We could go farther and say replace ‘the{space}’ with ‘#’ and replace ‘trap.’ with ‘@’. Then the compressed file would read:

A fcson #r@ (15 characters, 50% compression before adding the table)

The unzip program would read the table and replace each symbol with the appropriate string.

The second step above would not help the overall compression because there is only one instance of each string, so the table entry for those strings would actually be larger than the character savings. Recurring patterns are required for compression.

wow. thanks guys. I thought it might work like dr jackson says, but obviously this is simplified, and most are much more complicated.

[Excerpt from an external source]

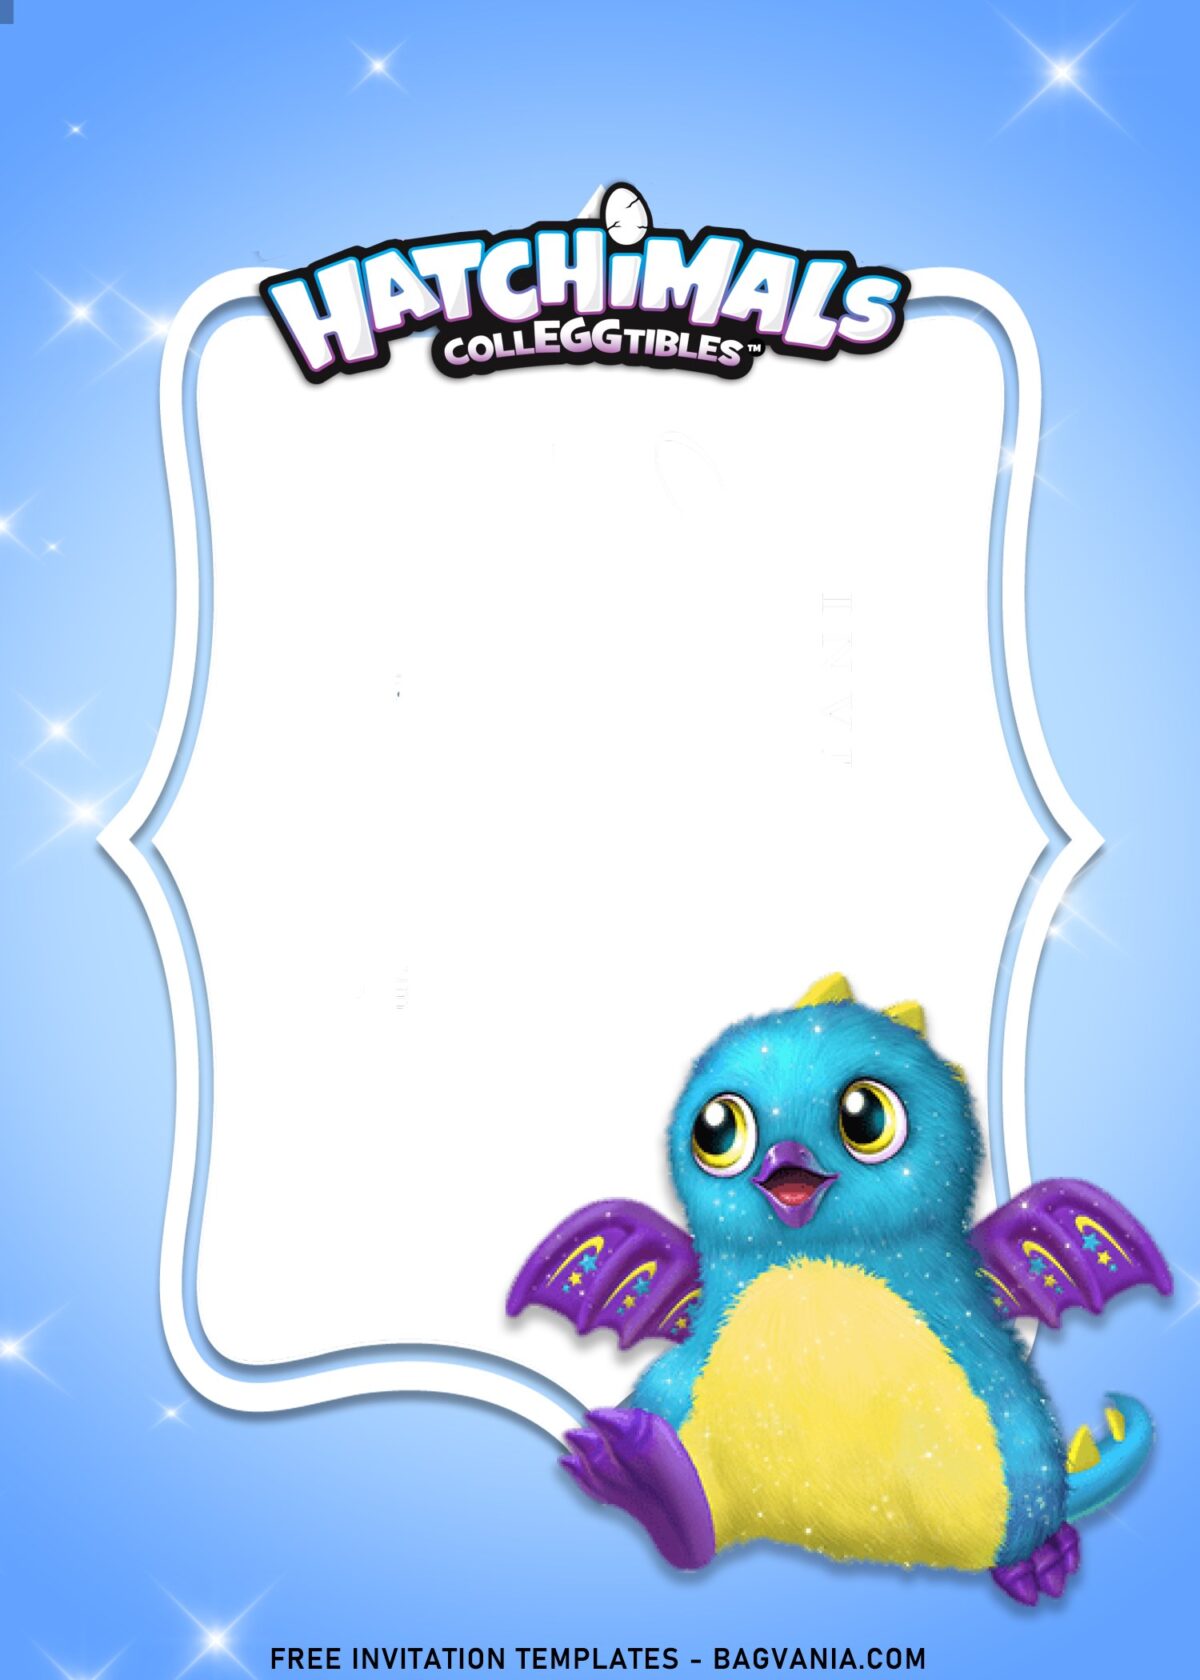 7+ Twinkly Cute Hatchimals Birthday Invitation Templates with adorable Penguin with wings

Is zip the best compression format or is it just more popular (like windows)

A huffman encoding algorithm determines the frequency of each byte. The most common bytes are translated into shorter sequences of bits, and the least common into longer sequences. As mentioned, this works well for text files. If a file involves eight bits for each letter, it will be smaller if it only uses two for each ‘e’ and twenty for each ‘q’. Of course, the mapping back to the original bytes also must be saved with the file.

[warning: computer babble below]

The best way to accomplish this is to construct a binary tree, with each letter at a leaf. This tree keeps the bytes with the highest frequencies having the shortest paths from the root. Each byte is replaced by the path from the root to that byte’s location in the tree, with a left child being represented by a ‘0’ and a right child represented by a ‘1’. In the compressed file, a representation of the tree is stored, so that the computer parses it one bit at a time, following the path in the tree until a leaf is reached. Really quite ingenious, IMHO.

Truly random data cannot be compressed but note that computer programs are far from random. They contain instructions nd data which can be very redundant. Redundancy is what allows compression.

Aside: Redundancy is also what allows decryption of encrypted data. For this reason, the first thing PGP and other encryption programs do is compress the original data and, this way, take out the redundancy. Most often, a file encrypted with PGP is smaller than the original.